As we walked along and observed how the residents live and work, I wondered what it would be like to live somewhere like that. I wondered which colour I would paint my house and whether I would get bored living somewhere so quiet or if it would be calming.
Conveniently, I was wearing pink and white that day which happened to match with a house I saw:
It was also in Burano that I had one of my best meals in twelve days in Italy: spaghetti alle vongole (spaghetti with clams).
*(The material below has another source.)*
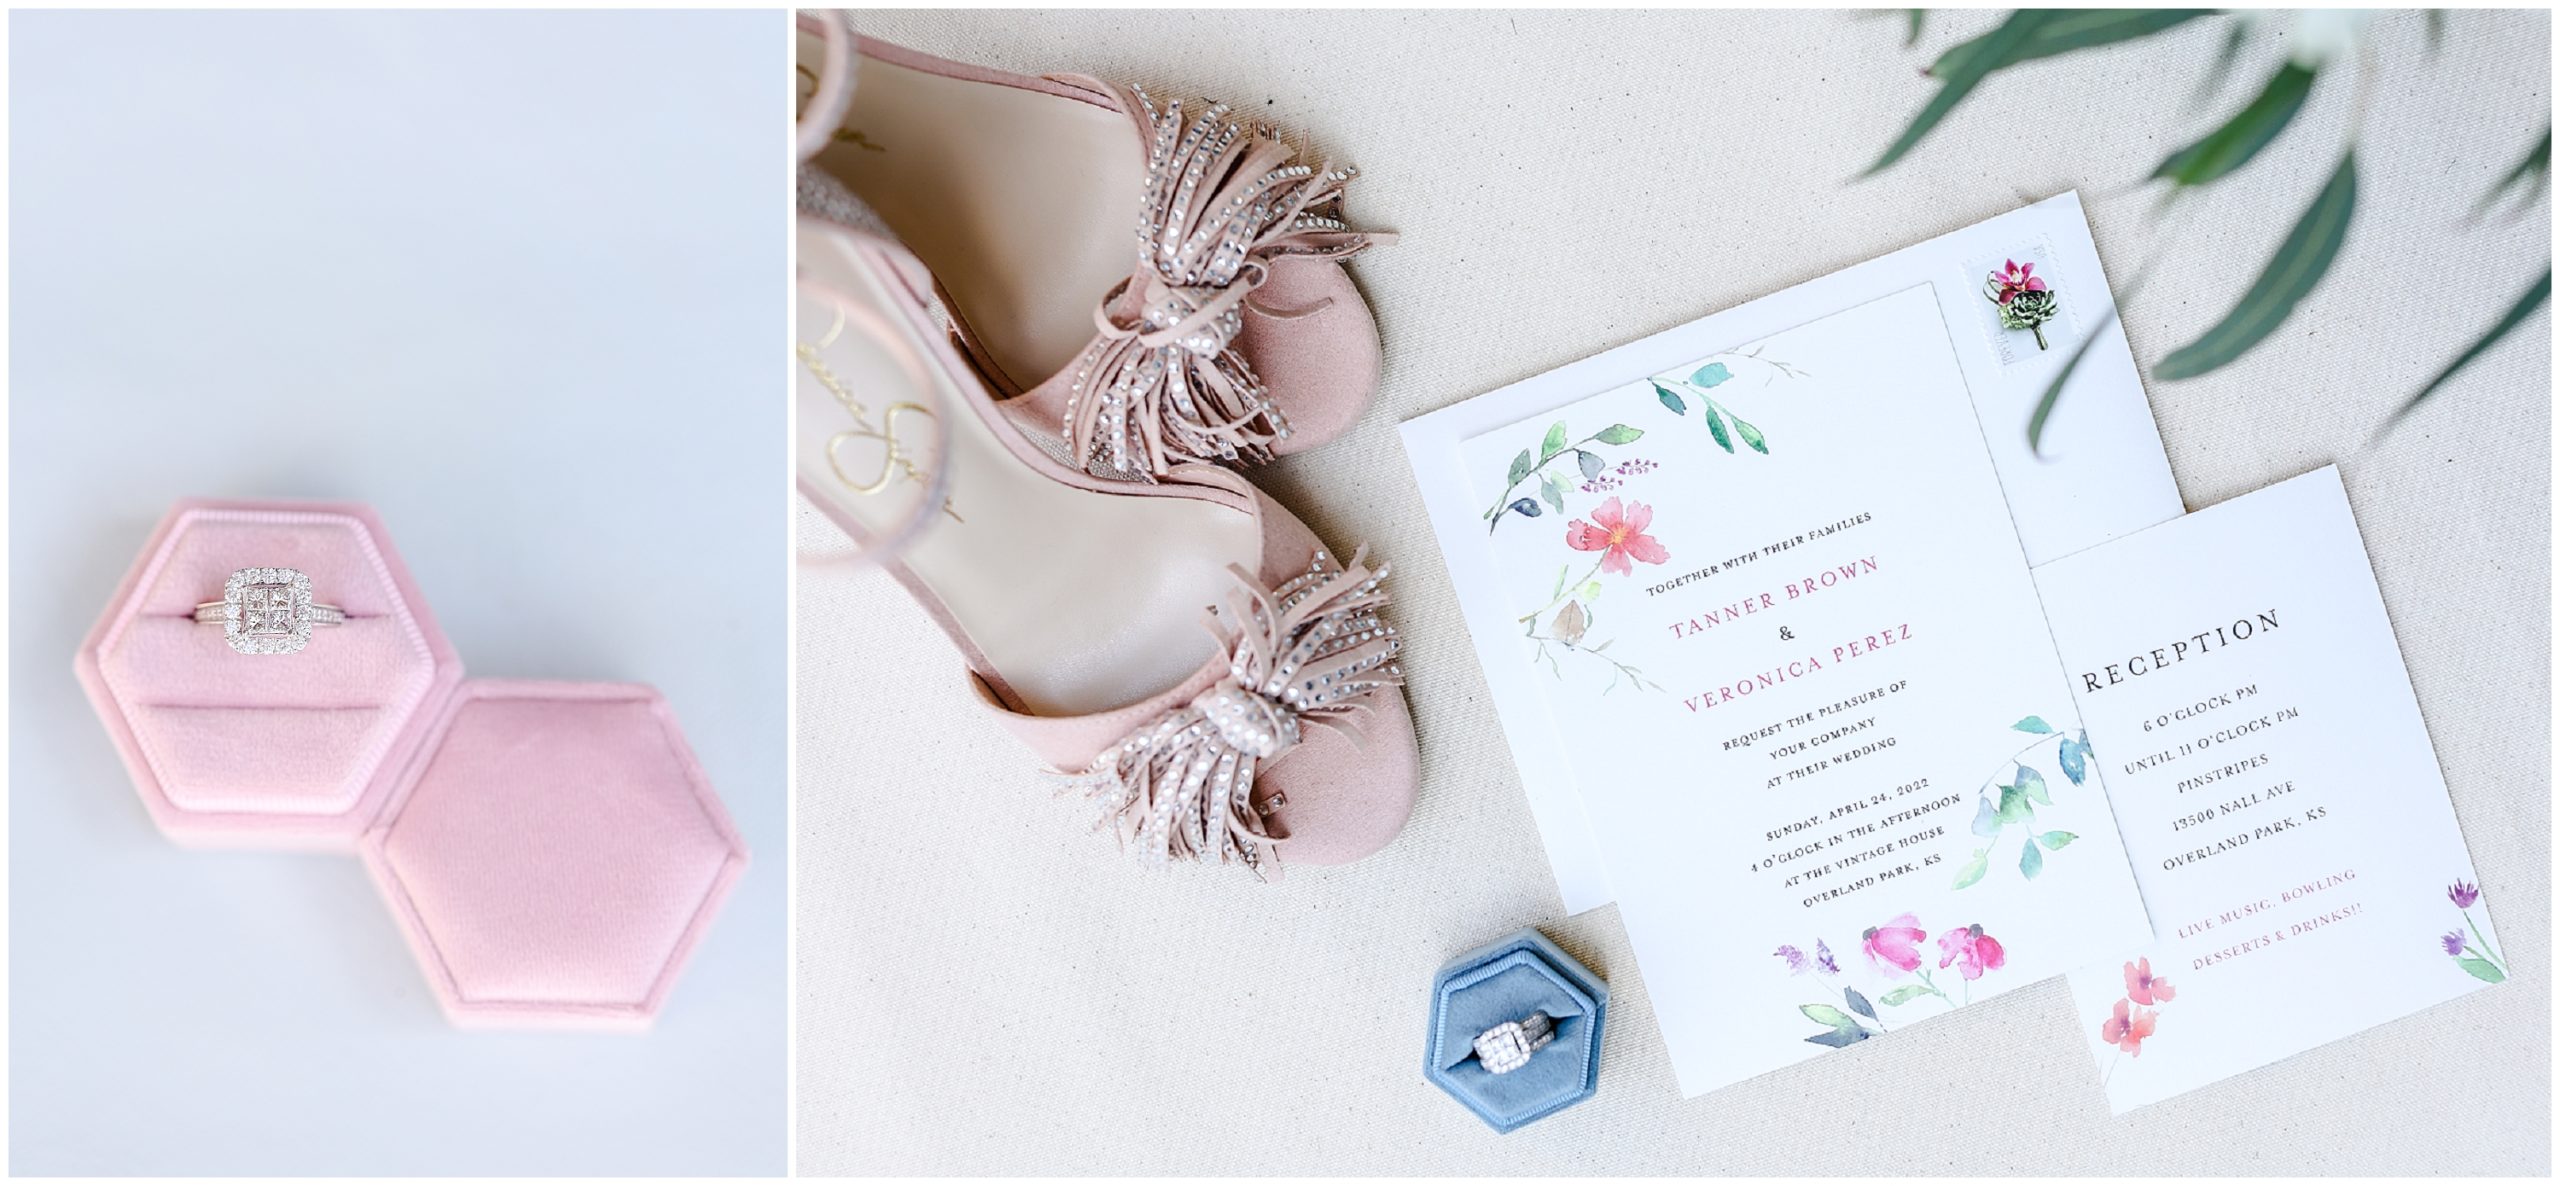 weddomg shoes and details - loose park wedding photos 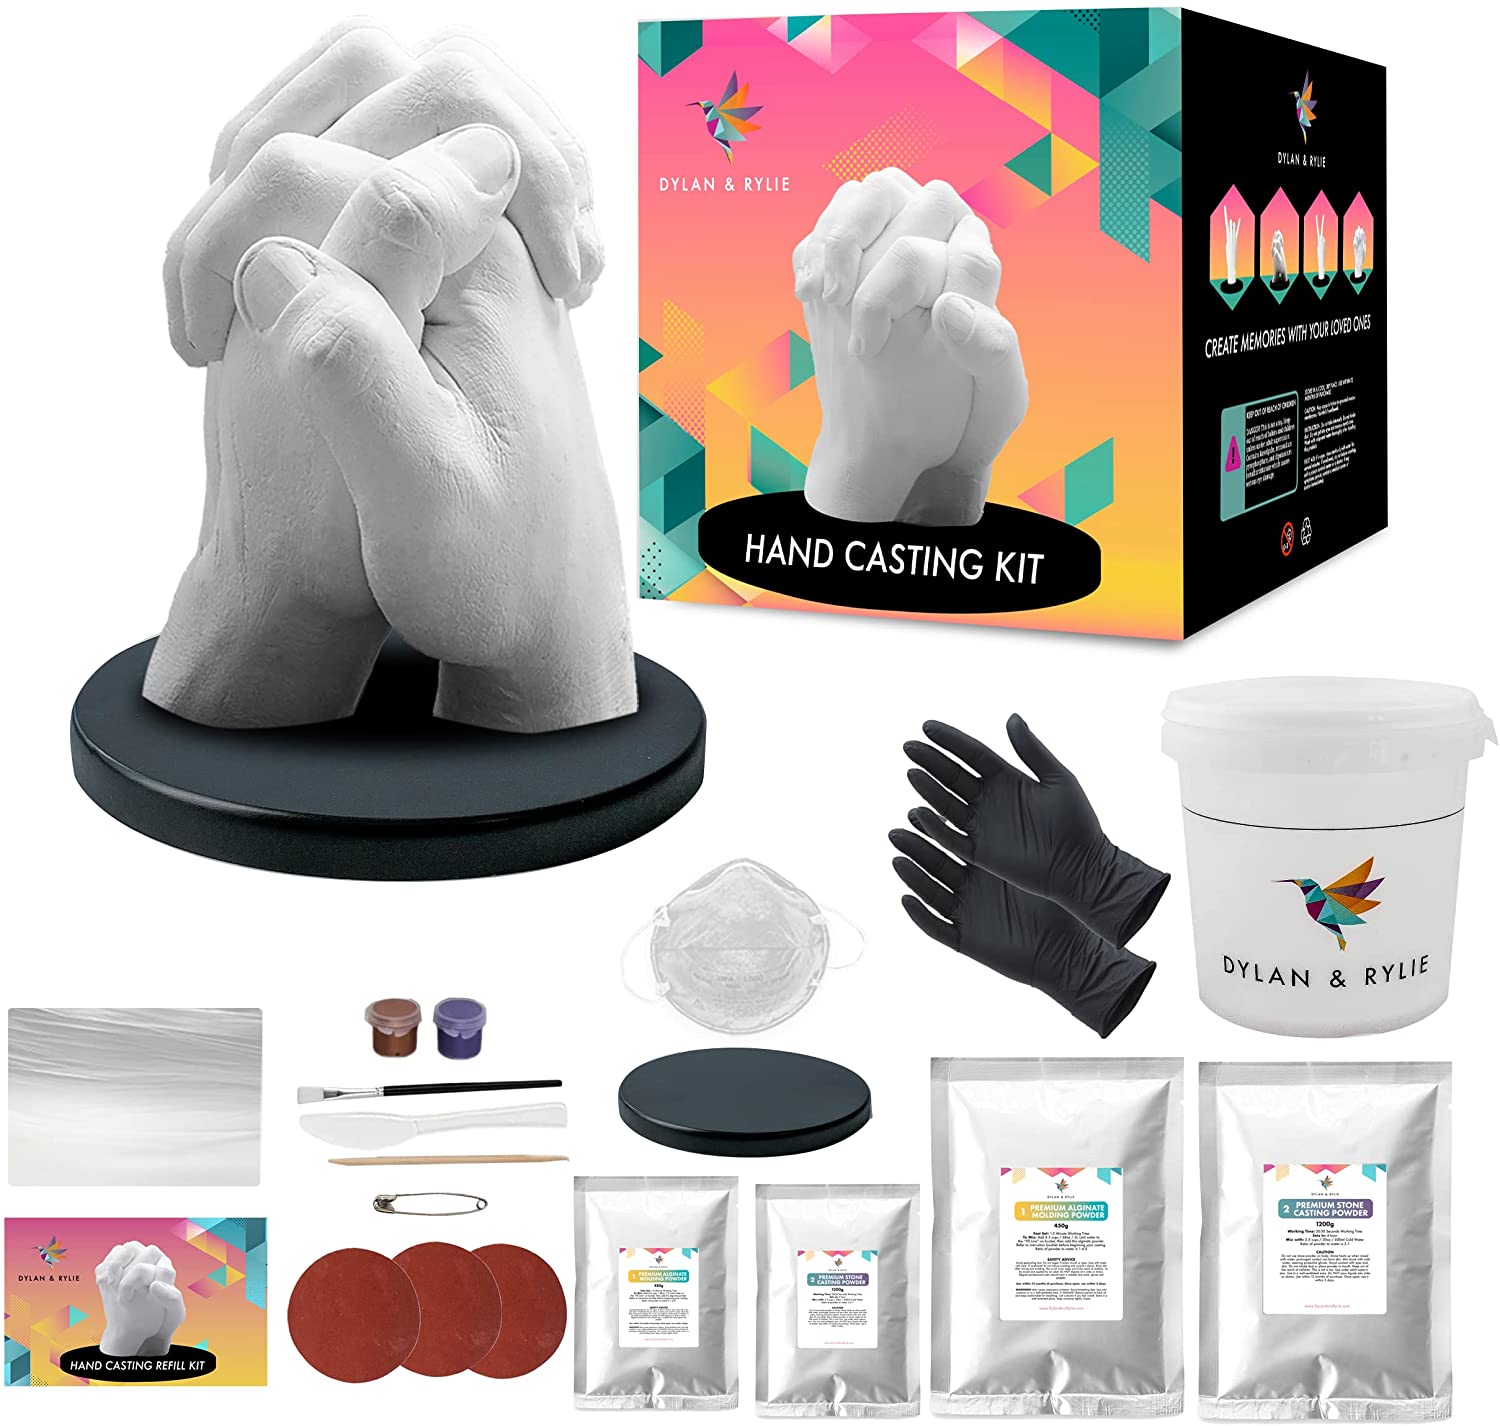 Hands Casting Kit DIY Hand molding Kit Hand Holding Craft for Couples

I had eaten a very poor version of this dish the night before in Venice so was determined to try a good one. This one was so good, made with clams caught that morning in the nearby waters, that it had the same effect but for a different reason: I was to order it again a few days later in Ravenna. The waiter paired it with a local very lightly sparkling Prosecco which I think was even nicer than the usual fizzy stuff, it was gentler and suited the light flavour of the clams perfectly.
Some meals are memorable and that was one! The setting, the sun, the food, the drink and the company were a perfect combination.
After lunch, we went for another walk around to see more of the lovely little houses and canals and I did some glass shopping to find gifts for my boyfriend’s mum and sister.
Soon, it was time to get the boat back over to Venice then head to the train station for our journey back to Reggio Emilia. I’d always expected Venice to be lovely, and I’d always heard such positive things, and it certainly didn’t disappoint. In fact, it’s one of the nicest cities I’ve ever been to and highly recommend it for a must-see place in your lifetime. Europe has so many beautiful cities with so much architectural and cultural diversity but Venice is set apart from the fact it is certainly unique!